Michael K Johnson March 20, 2017 18:19

Re-flashing brought back a working prompt. I was able to connect to Wifi again. wifi.save(); was effective across reset(); — but a hard power cycle sitll killed it; I get garbage on the console after a power cycle.

So that led me on a journey to discovering that esptool has –flash-size=detect which tells me that instead of 4MB of flash on an ESP-12 I have 512KB. That could explain a thing or two!

So wifi.save(); still doesn’t seem to persist across a power cycle but at least the unit comes back to a terminal session after a power cycle. Progress!

Michael K Johnson March 20, 2017 19:46

Flashing the latest 512K micropython image gives me:

ets_task(40100164, 3, 3fff827c, 4)

NLR jump failed

The earlier esp8266-512k-20161110-v1.8.6.bin gives me a python prompt and can configure the network, but doesn’t have a filesystem so I can’t save a boot.py to configure the network.

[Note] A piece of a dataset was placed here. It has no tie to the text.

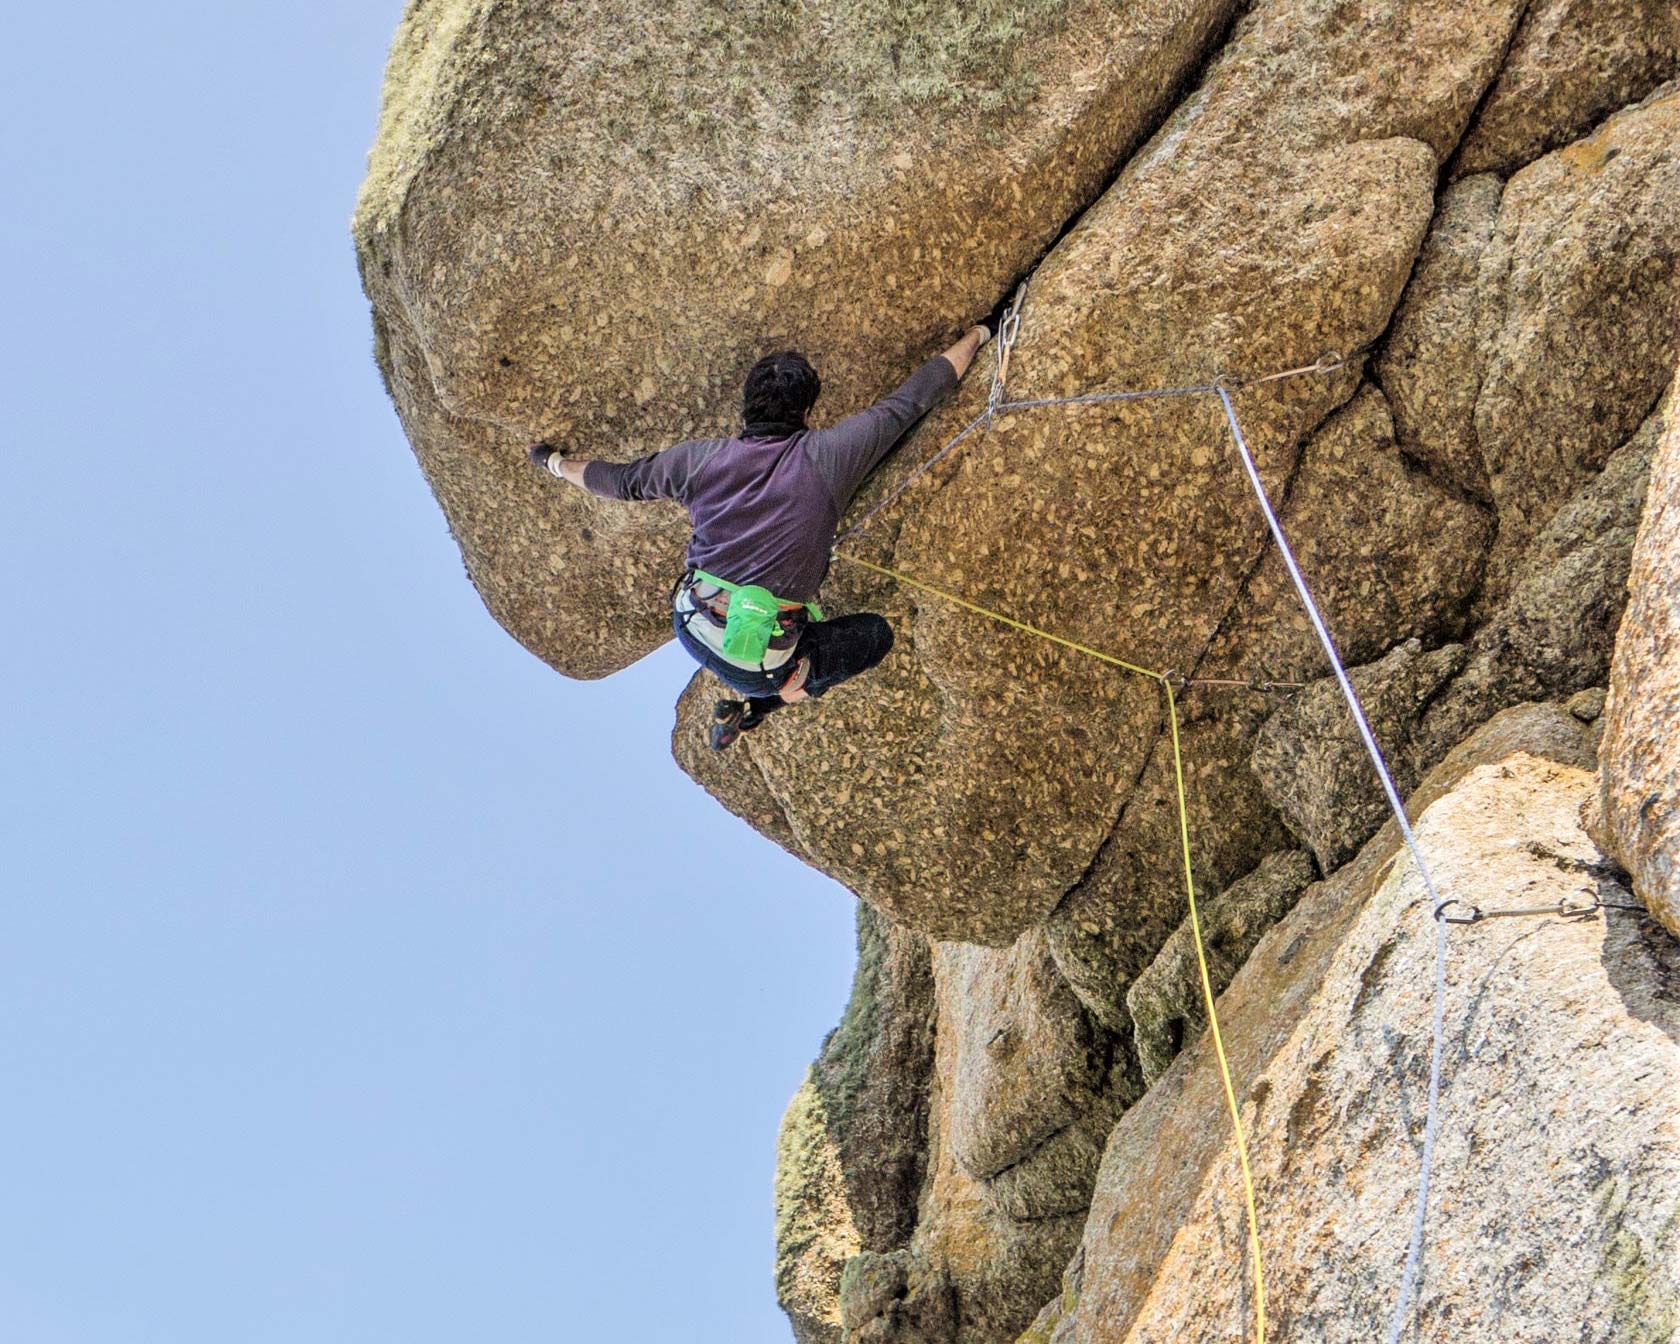 Climber on Superjam at Sennen, Cornwall. A wide roof crack test piece

Michael K Johnson March 20, 2017 19:52

“If your devices has 1Mbyte or more of storage then it will be set up (upon first boot) to contain a filesystem.” ← Oh, yeah. That. That makes it less useful.

Michael K Johnson March 20, 2017 21:07

ESP32 arrived today

Downloaded Espruino build from http://forum.espruino.com/conversations/293320/?offset=50

Plug in the board, flash with esptool.py –chip esp32 –port /dev/ttyUSB0 –baud 921600 write_flash -z –flash_mode dio –flash_freq 40m 0x1000 bootloader.bin 0x10000 espruino_esp32.bin 0x8000 partitions_singleapp.bin

WiFi configures, works, saves. It’s listening on port 23. Definitely better.